Tendo recriado a conquista do Oeste em aventuras e desventuras que mitificaram Lucky Luke, o poor lonesome cowboy, a long long way from home, consagrando o humor aos desafios da saga americana, o talentoso criador Morris - aliás, Maurice de Bévère (1923-2001) - deixou os fãs rendidos e conquistou muitos outros leitores, para além dos círculos privilegiados da escola franco-belga em quadradinhos, quando fez irromper, em 1962, as graças e desgraças de Rantanplan, em todo o mundo o cão mais estúpido do que a própria sombra! Tanto e mais irresistível que, cinco anos depois, tal animal tão simpático quão imbecil era já titular de série própria - agora, em relançamento sensacional, sob chancela das Edições Asa: entre os álbuns mais recentes, Morris desenhou, com M. Janvier, O Fugitivo (1994) e O Mensageiro (1995) de Xavier Fauche & Jean Léturgie, O Camelo (1997) de X. Fauche & E. Adam, e O Aselha 3 (2000) concebido e co-ilustrado por Vittorio Leonardo. Até o 7º de Cavalaria entra em depressão, enquanto Buffalo Bill dá espectáculo entre os índios...

CALENDÁRiO

MAI2006 - Iniciado pelo Ministério da Defesa britânico em 1996, e concluído quatro anos depois, é divulgado o relatório confidencial Fenómenos Aéreos Não Identificados no Reino Unido. Tendo analisado mais de dez mil relatos de testemunhas, muitas delas militares, sobre ovnis, o documento com mais de quatrocentas páginas - que veio a público por requerimento de David Clarke, da Sheffield Hallam University - considera não haver provas «que sugiram que os fenómenos observados são hostis ou estão sujeitos a qualquer tipo de controlo que não o das forças físicas naturais», eléctricas e magnéticas, na atmosfera, mesosfera e ionosfera.

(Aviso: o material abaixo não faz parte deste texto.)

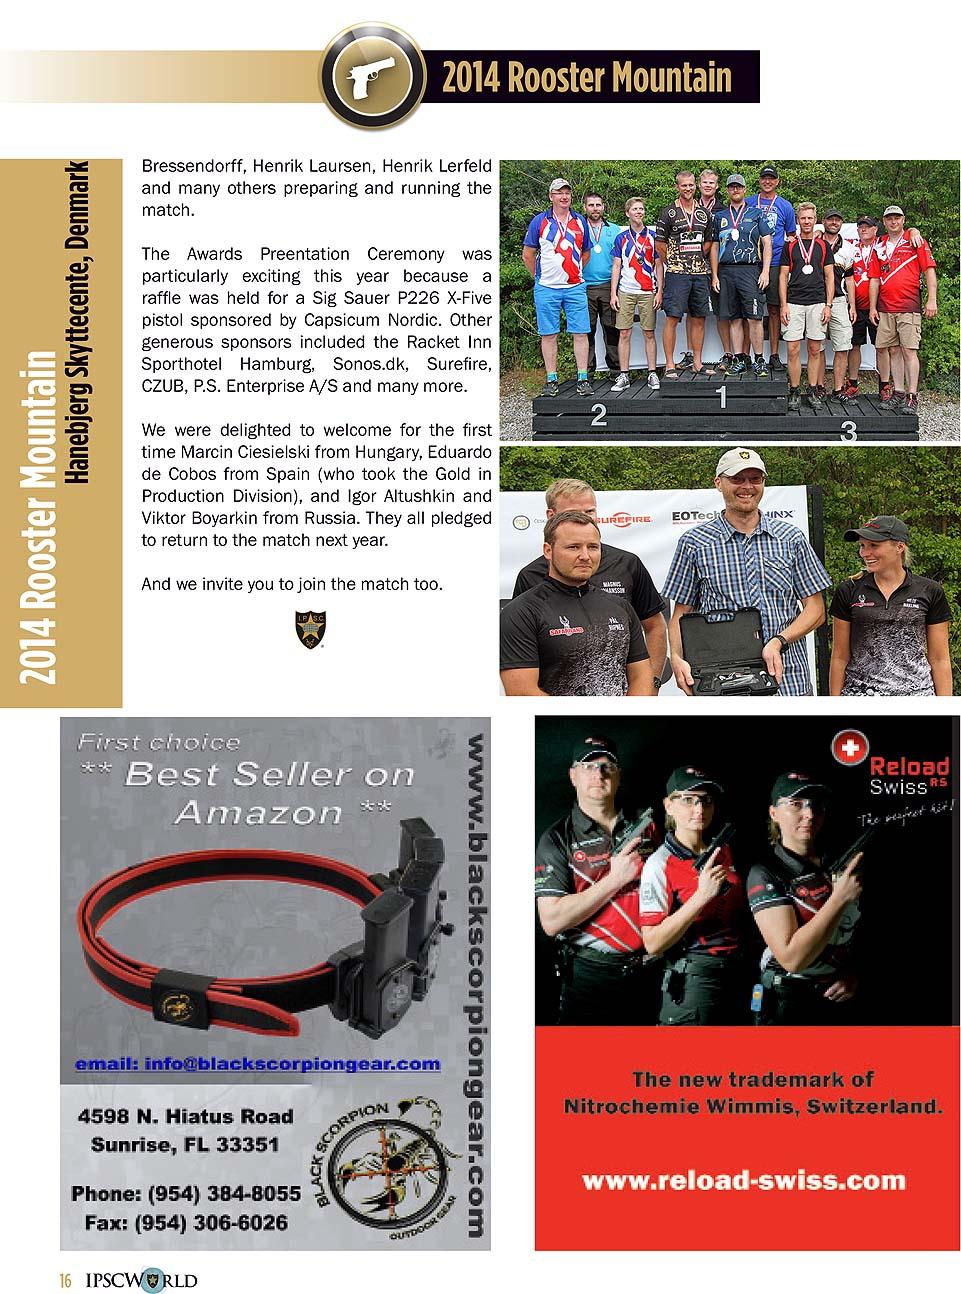 IPSC World Magazine IV-2014-S. 16.jpg
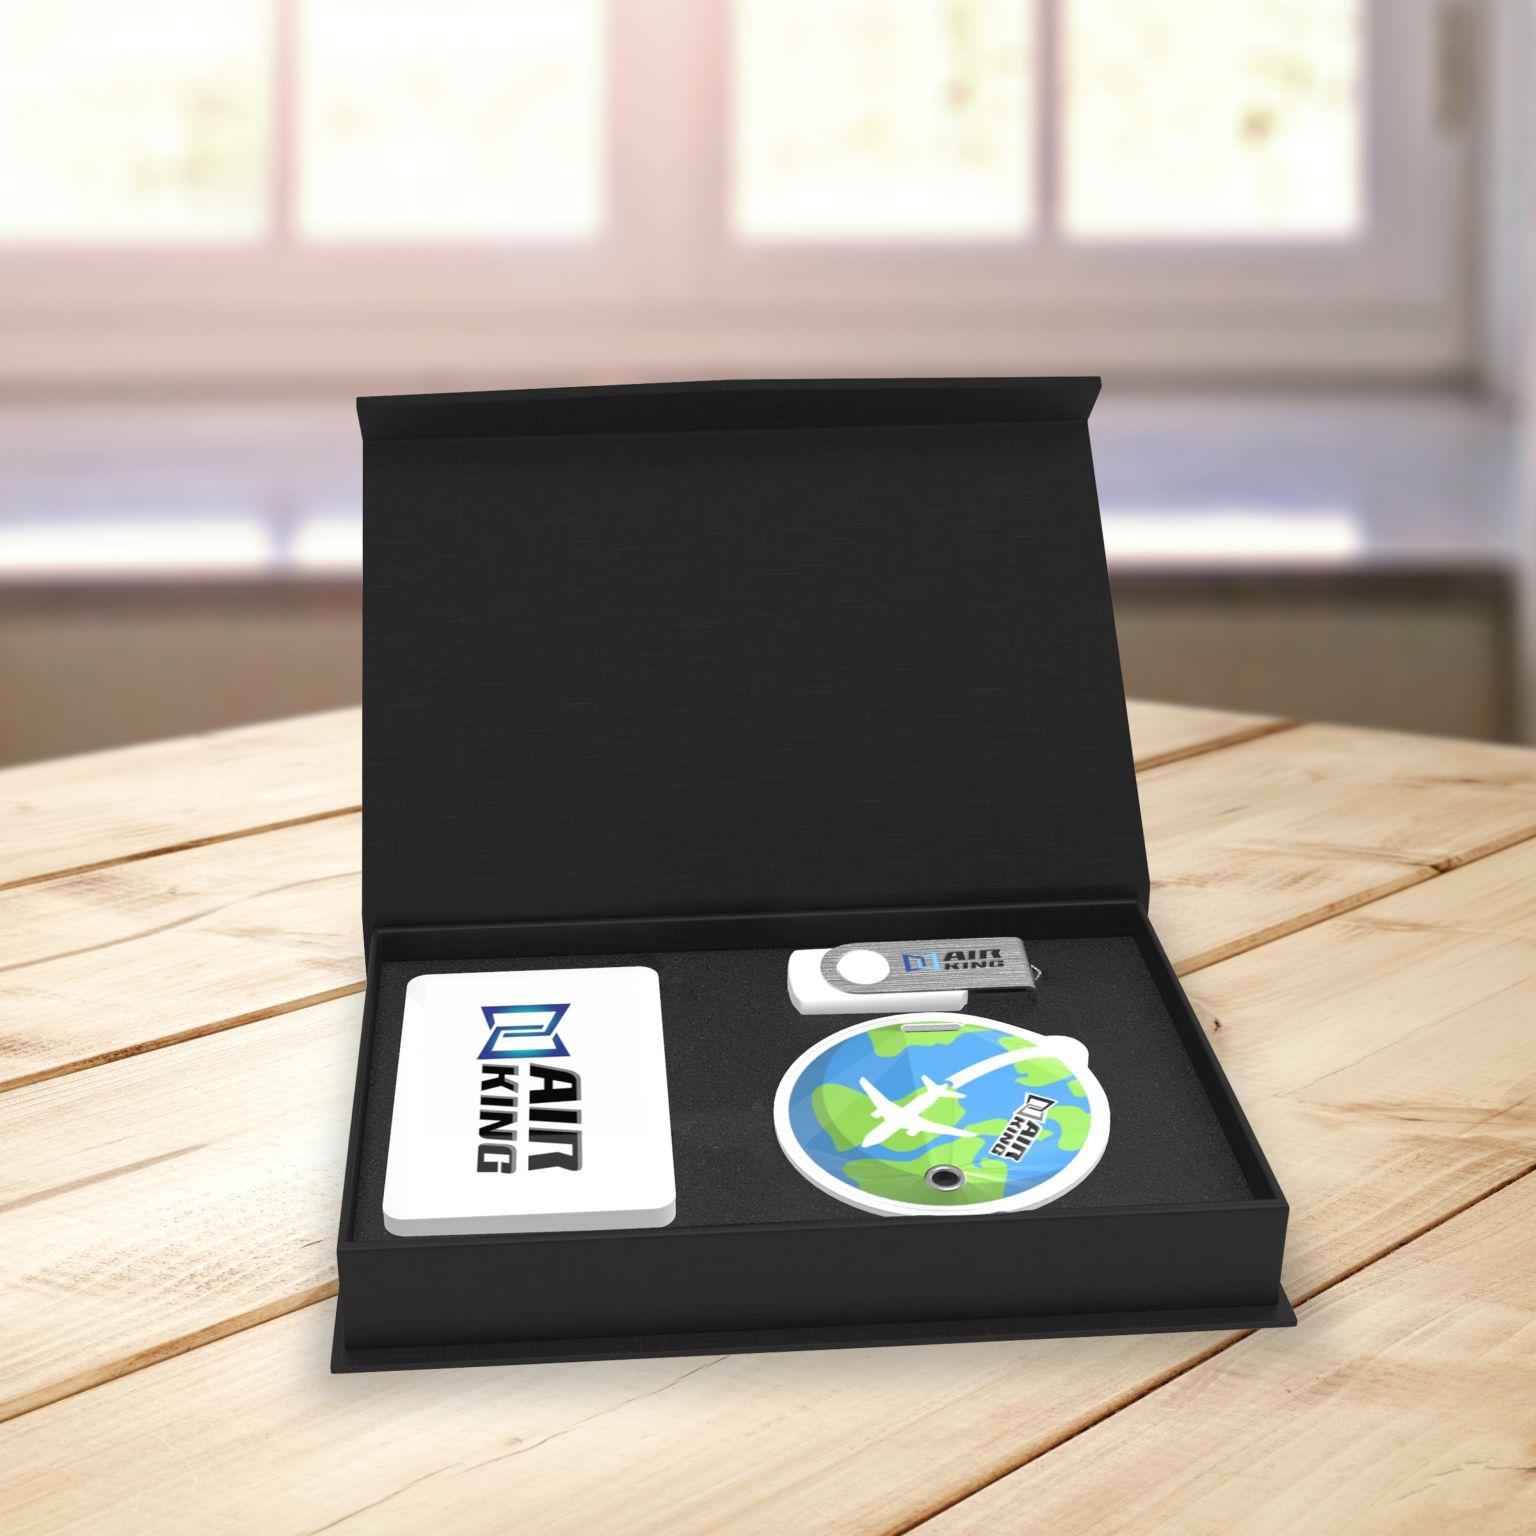 Travel gift set Noir - ISOCOM - OBJETS ET TEXTILES PERSONNALISES - NANTES

13MAI/30SET2006 - Em Lisboa, decorre a CowParade - evento internacional iniciado em Zurique, Suíça, em 1998, como manifestação de arte pública já em mais de vinte e cinco cidades de todo o mundo - na capital portuguesa por Desejo Sem Limites, com 101 vacas de fibra de vidro, pintadas e espalhadas pela cidade e, no final do evento, objecto de um leilão cujos fundos reverterão para instituições de solidariedade social. 

1905-14MAI2006 - Stanley Kunitz: «Estou já meio-morto que chegue, / desviado da minha própria natureza / e da minha força de viver. / Se pudesse chorar, chorava. / Mas sou velho demais para ser / a criança de alguém.»

19MAI/16JUL2006 - Centro Cultural de Cascais mostra Zz Mais Tudo Muito, exposição de pintura de Sofia Areal.

VISTORiA

Há homens que lutam um dia e são bons.
Há outros que lutam um ano e são melhores.
Há outros, ainda, que lutam muitos anos e são muito bons.
Há, porém, os que lutam toda a vida, estes são os imprescindíveis.
Bertolt Brecht

MEMÓRiA

15AGO1886-1945 - Adelina Abranches: «Filha do Povo, aprendeu no seu seio a sofrer, a amar, a chorar, a exteriorizar toda a gama tantalisante da dor mais acerba» (Jornal dos Teatros - 1917).

15AGO1886-1971 - António Silva: «É um cómico a sério. Não faz palhaçadas nem caretas para obter efeitos fáceis» (Imagem - 1933).

21SET1866-13AGO1946 - W.G. Wells: «Se tudo é possível, então nada é interessante» IMAGINÁRiO44.

1916-1941 - Álvaro Feijó: «E ninguém conta a história do menino / que não teve / nem magos a adorá-lo, / nem vacas a aquecê-lo, / mas que há-de ter / muitos Reis da Judeia a persegui-lo.»

14AGO1926-1977 - René Goscinny: «Quando e porquê teve Astérix um tal sucesso? Mistério total!» IMAGINÁRiO5-21-34.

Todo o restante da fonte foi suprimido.